Different expansion velocities for the Main Ring and Central Lobe shells.

Identification of bipolar structures with velocity differences over 35 km/s.

Detection of a halo shell expanding at more than 15 km/s.

Abstract

An analysis of the kinematics of NGC 6720 is performed on the commissioning data obtained with SITELLE, the Canada-France-Hawaii Telescope's new imaging Fourier transform spectrometer. In order to measure carefully the small broadening effect of a shell expansion on an unresolved emission line, we have determined a computationally robust implementation of the convolution of a Gaussian with a sinc instrumental line shape which avoids arithmetic overflows.

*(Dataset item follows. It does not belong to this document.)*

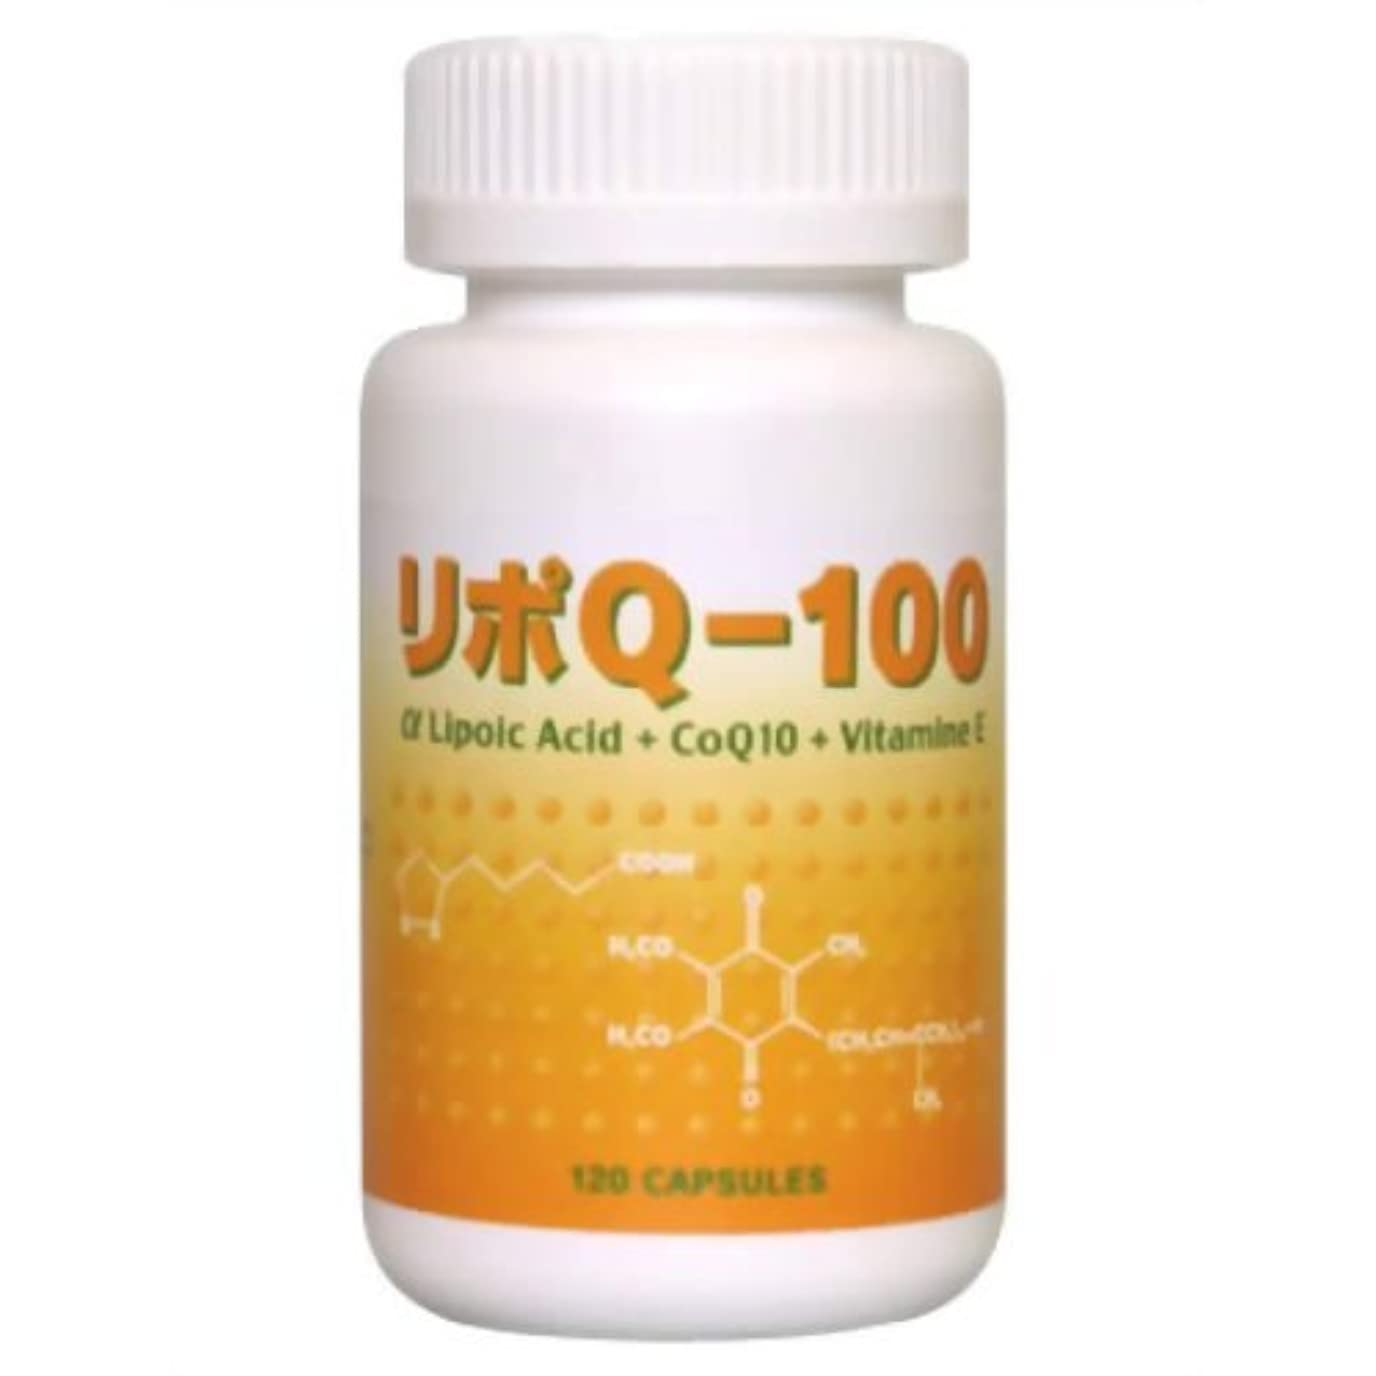 慈悲シュガーフラップリポQ-100 120カプセル(アルファリポ酸/αリポ酸配合)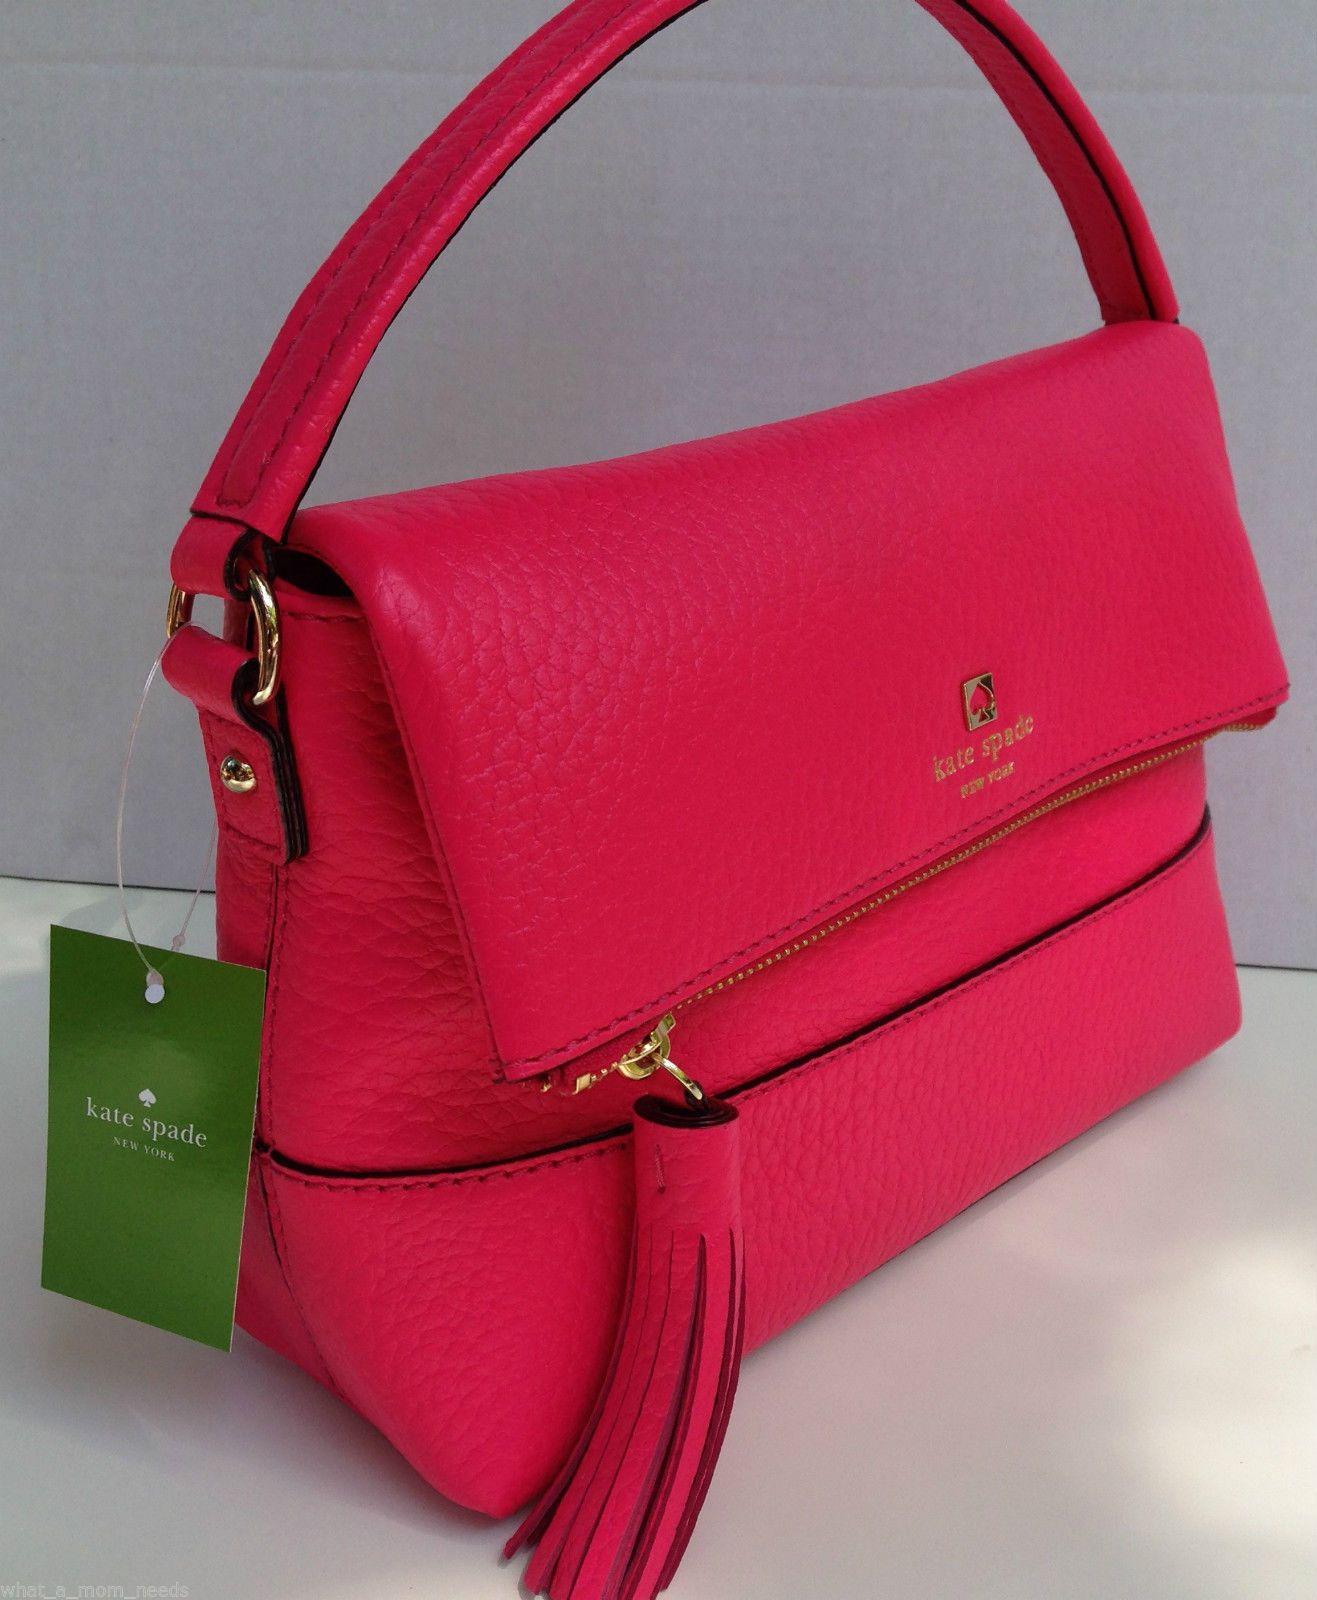 5223773e1b4a New Kate Spade Southport Avenue Mini Carmen Leather Purse

This model can be used to measure line broadening of typically a few km/s even at low spectral resolution (R less than 5000). We have also designed the corresponding set of Gaussian apodizing functions that are now used by ORBS, the SITELLE's reduction pipeline. We have implemented this model in ORCS, a fitting engine for SITELLE's data, and used it to derive the [SII] density map of the central part of the nebula. The study of the broadening of the [NII] lines shows that the Main Ring and the Central Lobe are two different shells with different expansion velocities. We have also derived deep and spatially resolved velocity maps of the Halo in [NII] and Halpha and found that the brightest bubbles are originating from two bipolar structures with a velocity difference of more than 35 km/s lying at the poles of a possibly unique Halo shell expanding at a velocity of more than 15 km/s.